Star Trek: Bridge Crew thrives on the cohesion (or chaos) of teamwork

Tactical officer’s log, stardate E320160614: Holy shit, I’m inside Star Trek, and I did not expect it to be this cool. I didn’t totally buy the bridge at first. It looked about as real as the set from the old show, with this big boxy viewscreen and these oversized control panels suited to my VR display. But then our captain said punch it, our helmswoman blasted us into warp, and I was starting to buy in. Exiting warp was a genuinely stunning moment: the wreckage of a space station was there orbiting around a dying star, all the space around it flushed with beautiful orange plasma. And there was debris. Uncomfortably close debris. Suddenly everyone was yelling, helm veered to the right, and somehow we missed it by inches.

We were not a calm, professional Starfleet crew. But that’s not the point: the point is we were a crew carrying out the mission of the USS Aegis, and I was all in. And it turns out I’m a pretty damn good tactical officer. It may be unbecoming of my station to break out in a big stupid grin when a Klingon Bird of Prey suddenly warps into the sector, but what can I say. What good are phasers if you never use them?

Before becoming a tactical officer, I’ve immersed myself in enough VR worlds now to know, within a few minutes, whether a VR experience is a cool idea that mostly just makes a great first impression, or if it’s a “this is why VR will change video games” type of revelation. I’m pretty sure Bridge Crew has the potential to be the latter. If you’ve ever pretended to be on the bridge of the Enterprise, anyway, you are going to love it.

My tactical station was simple enough to grasp in just a minute or two. A radar display takes up half of it, showing me nearby objects—in this mission, that means asteroids, damaged shuttlecraft, and the Klingon Bird of Prey that warped in to attack us. Tapping one of those objects on the radar will let me press a large button to scan it for an informational readout. Below the radar I have a slider for toggling the shields on and off, while the other side of the station has a button to fire phasers and launch buttons for two photon torpedo tubes.

There’s not much complexity with what I’m doing here, which is my only real worry with Bridge Crew after a short demo: it seems possible the task itself won’t have enough depth to satisfy me once I’m a veteran of the bridge.

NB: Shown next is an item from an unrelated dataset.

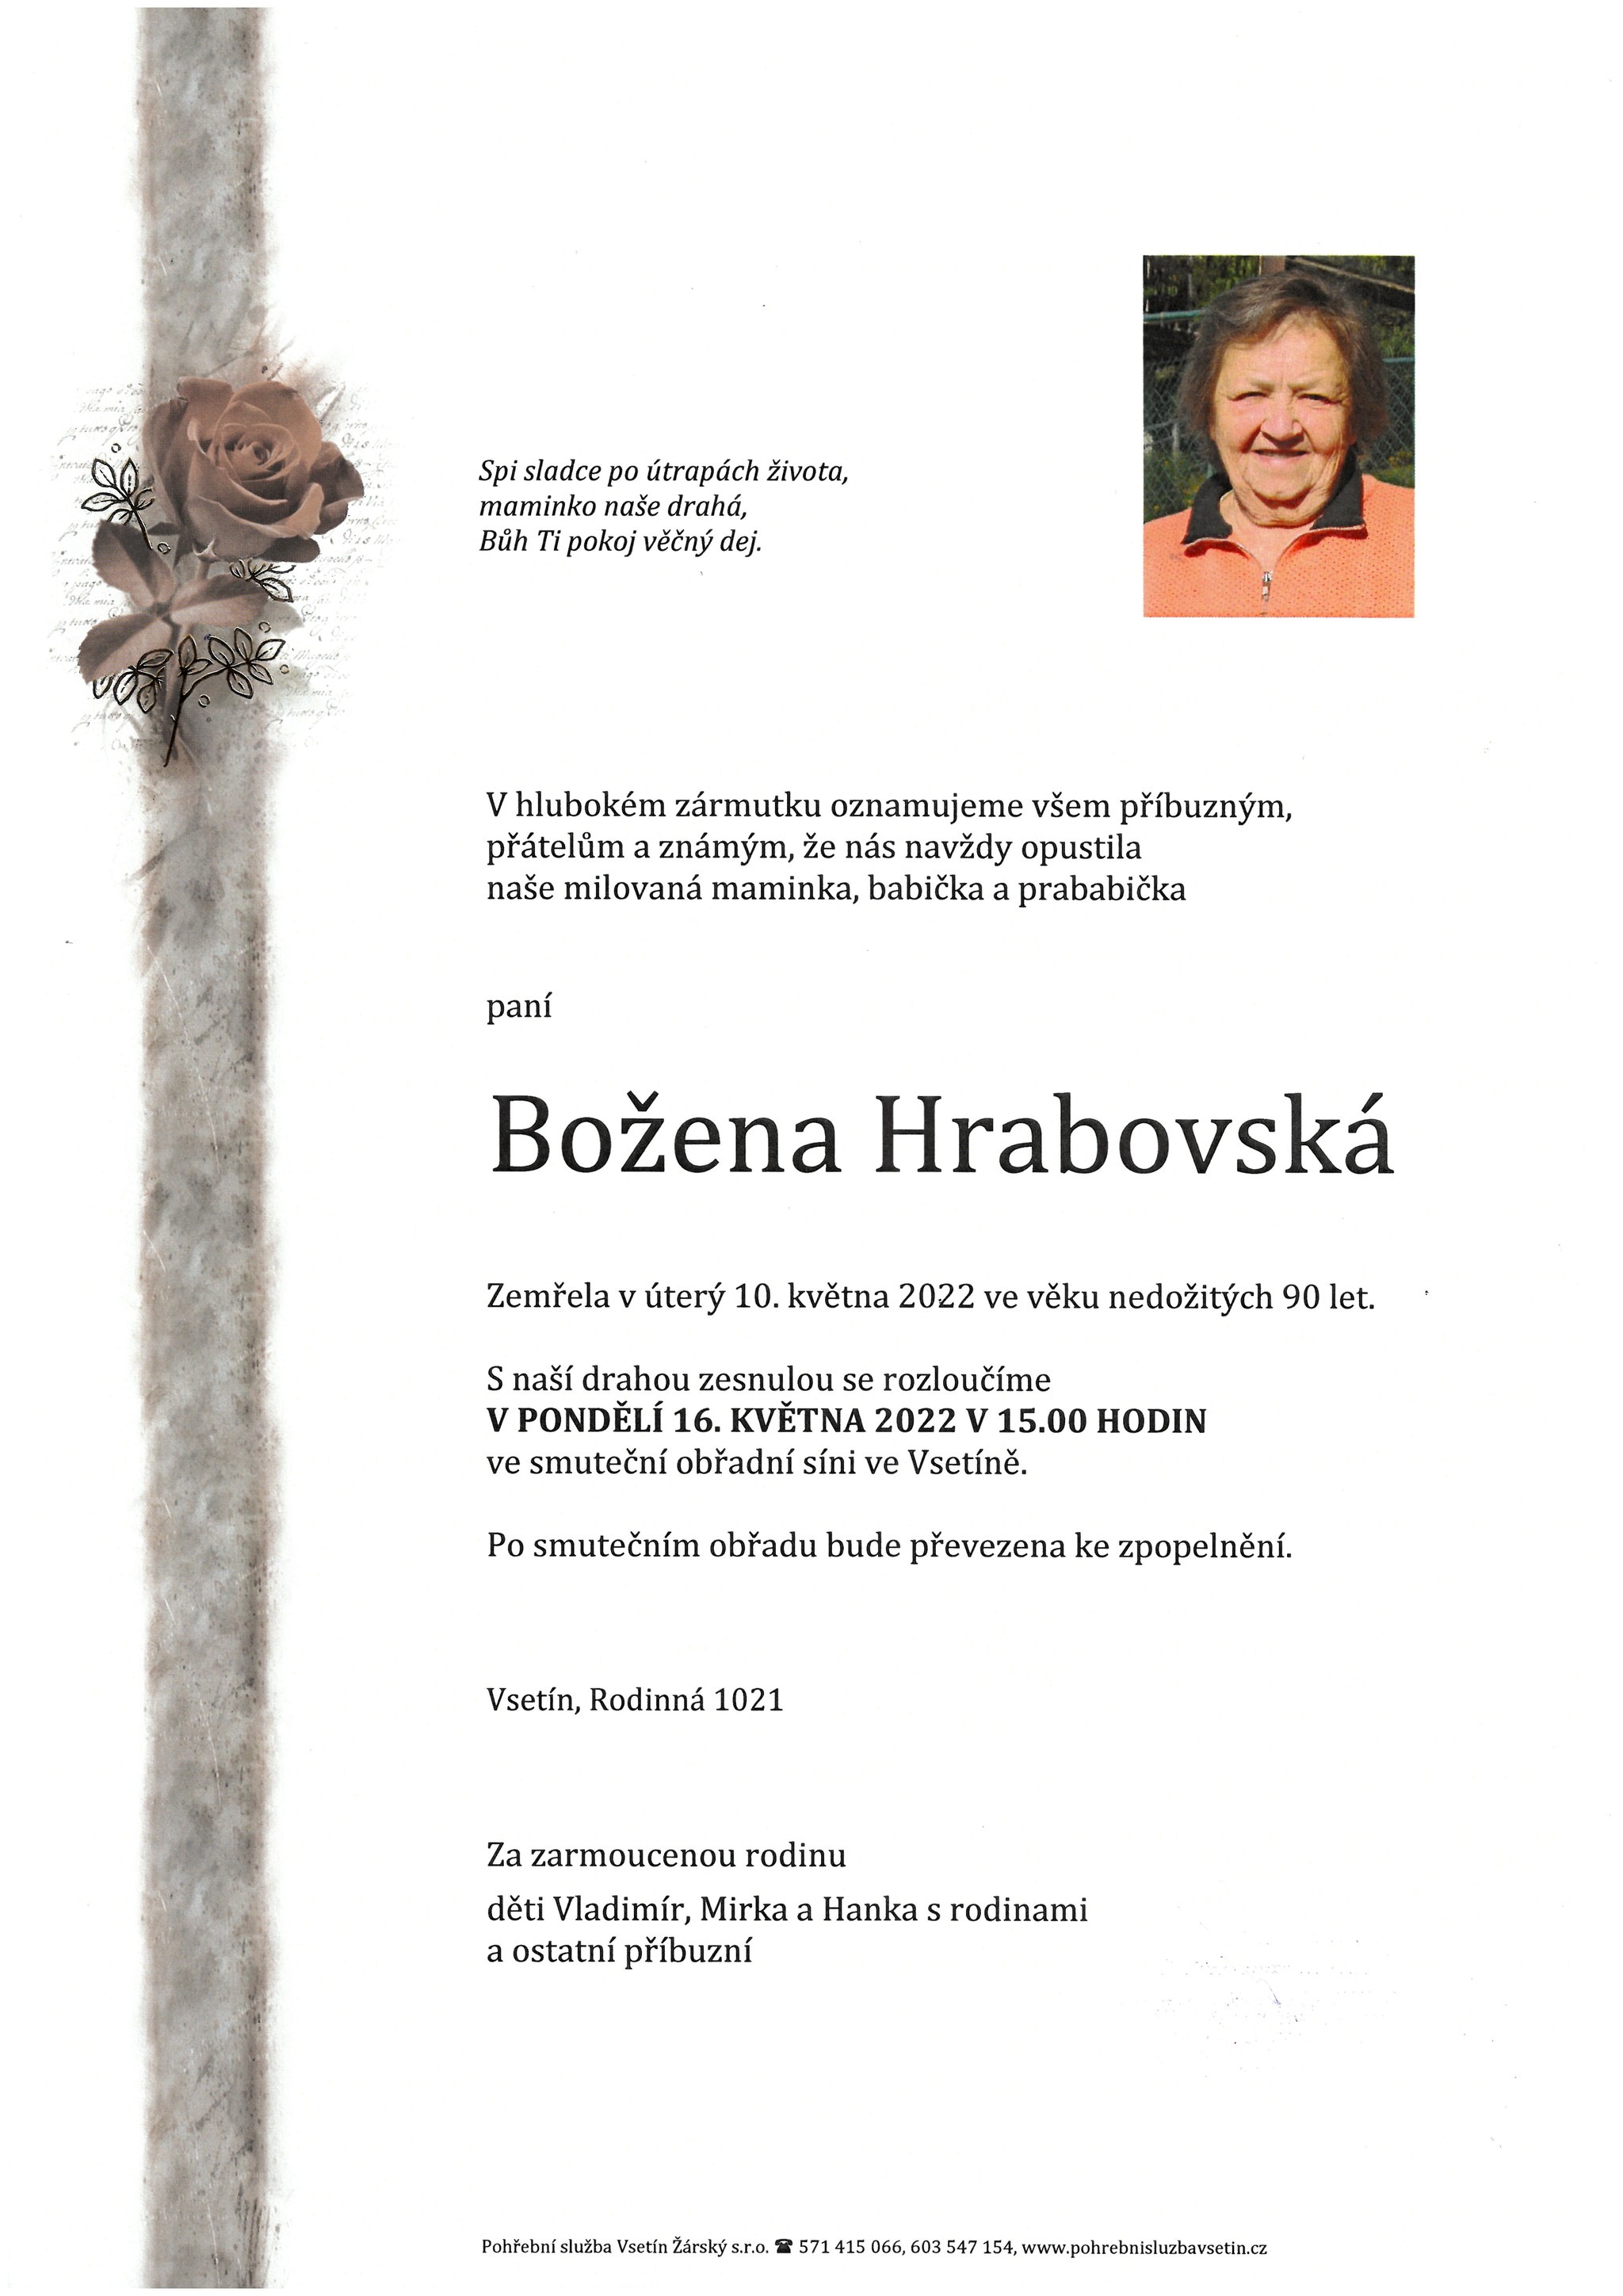 Božena Hrabovská

But what’s so promising about it—and what makes it really different from almost every other VR game I’ve tried—is that the interaction, what I’m doing with my hands, isn’t really the point. That’s not what makes it fun. What makes it fun is the crew, and how their four stations require a group to coordinate to carry out a mission.

Pressing a button a few times to fire the phasers? Eh, not so satisfying (although that phaser sound effect is pretty great). But firing phasers with one hand when helm sweeps the ship around to bring you in range—made possible by engineering routing power to engines—while you raise shields with the other hand, waiting until the precise moment engineering has finished beaming up survivors from a wrecked shuttlecraft? Pardon my language captain, but that’s fucking sweet.

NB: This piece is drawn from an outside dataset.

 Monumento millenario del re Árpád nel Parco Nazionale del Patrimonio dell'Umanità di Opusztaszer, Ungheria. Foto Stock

In classic Star Trek fashion, systems on the bridge can be damaged and non-essential personnel killed in battle. We lost a poor redshirt on the bridge when a second Klingon Bird of Prey warped in and started attacking us. At that point, our captain decided it was best if we beamed out the remaining survivors and warped away instead of fighting two enemies. We escaped by the skin of our teeth, hull down to 25 percent integrity and sublight engines permanently slowed from damage, but whooping and hollering like a crew that’d just successfully completed its first mission.

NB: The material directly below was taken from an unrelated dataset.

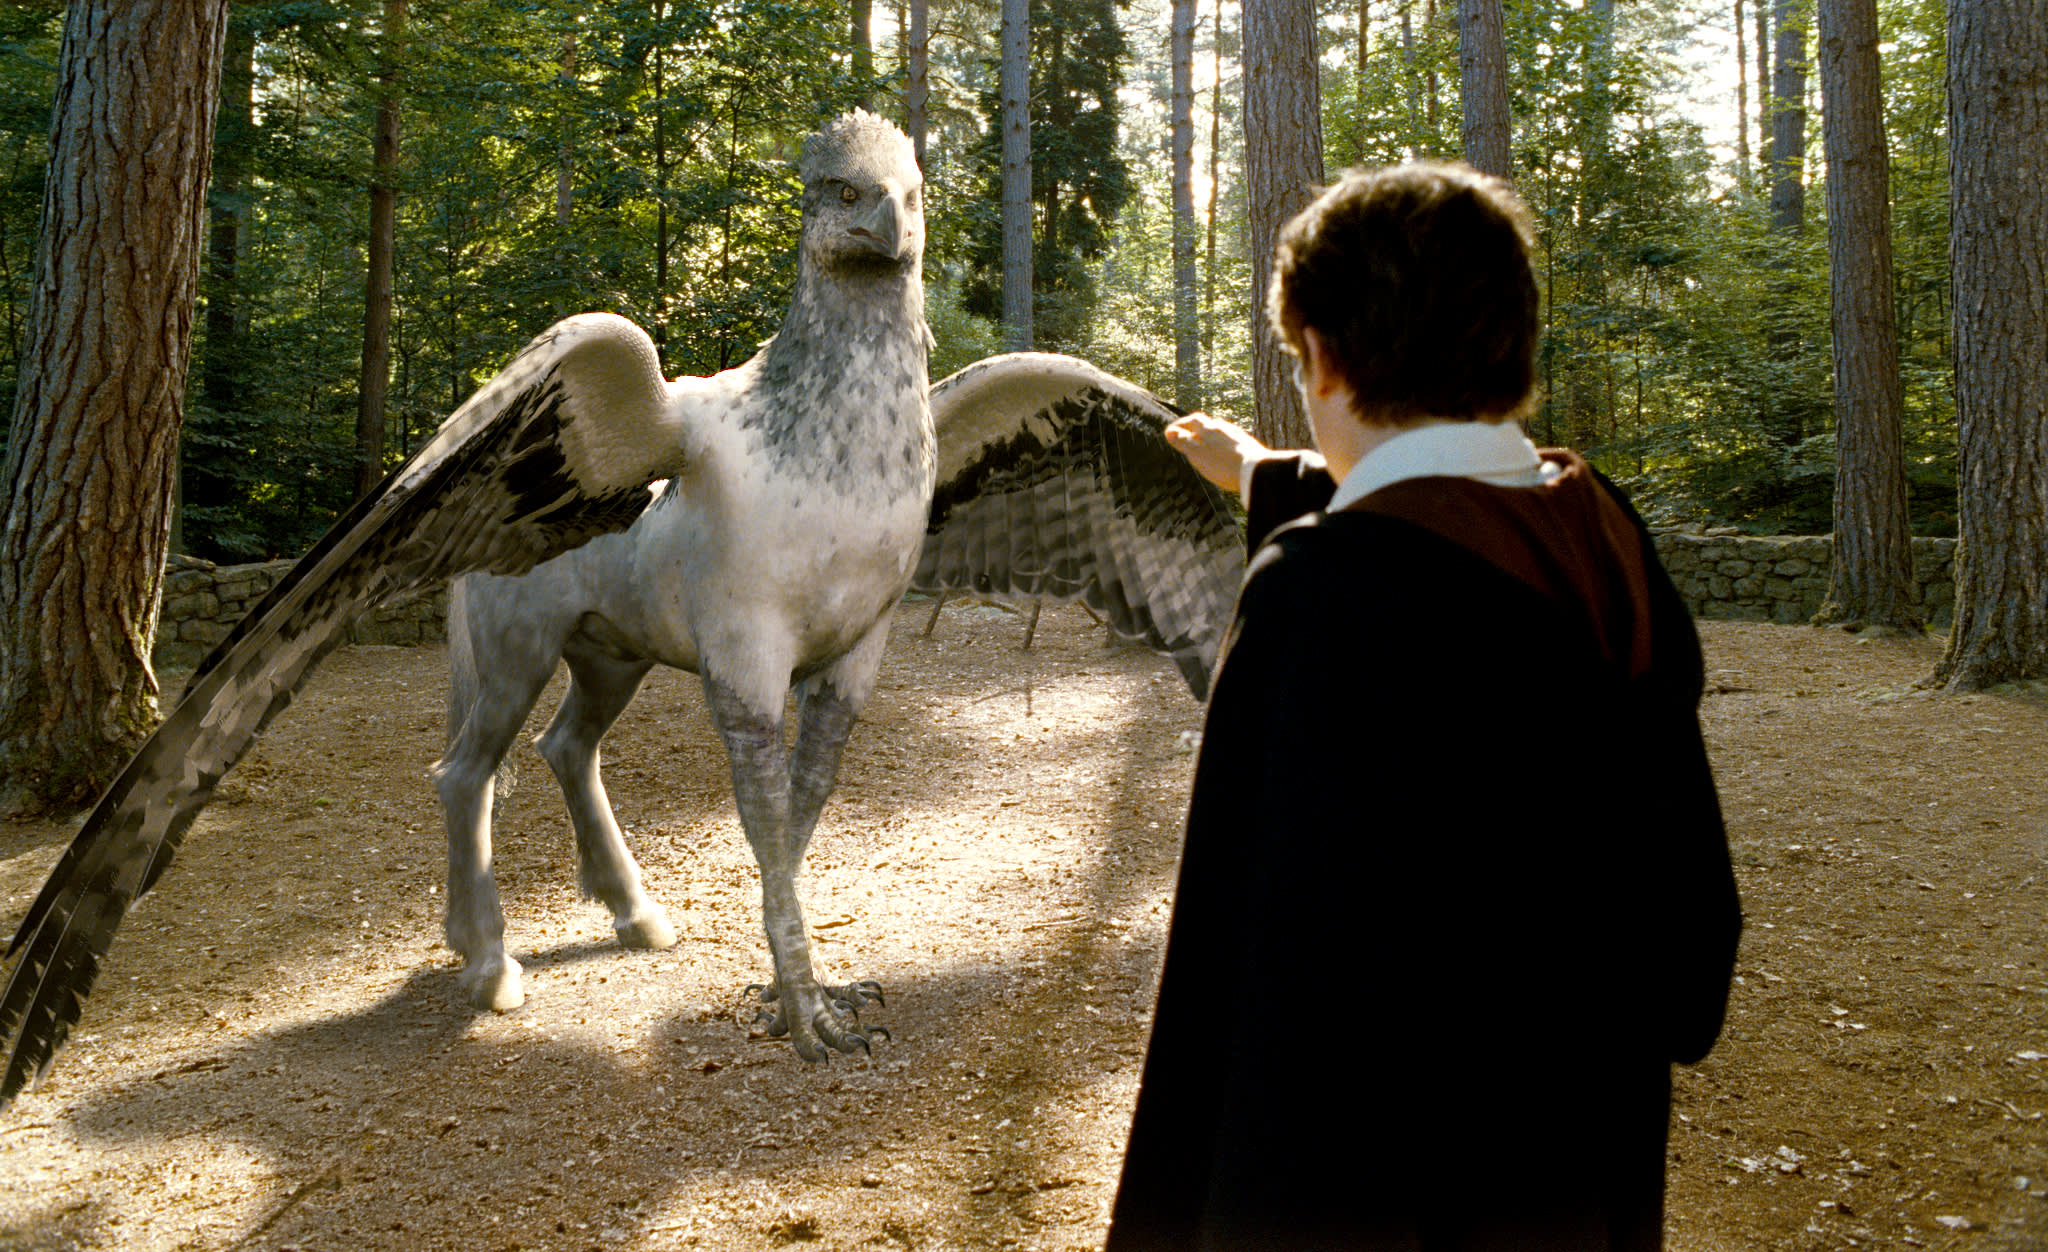 Buckbeak the Hippogriff in Harry Potter

Bridge Crew isn’t really meant to be a combat game; as in the shows, you’re aboard an exploration vessel that can fight when it has to. There’s a certain clumsiness to its combat that I think actually makes it more fun. The ships move slowly and I spent more time waiting for my weapons to charge than firing. There’s no aiming, just a simple lock on. But it looks so authentically Star Trek, especially when you press a button to view outside the ship and see your photon torpedoes arcing through space towards an enemy, that it’s hard not to get into the action.

My first mission was a simple story mission with a Starfleet briefing at the beginning. According to the developers I talked to, Star Trek: Bridge Crew will have a campaign as well as a wealth of procedural missions that will keep things fresh on multiple playthroughs. It’ll be available for both the Vive and Oculus (Touch required) in the fall.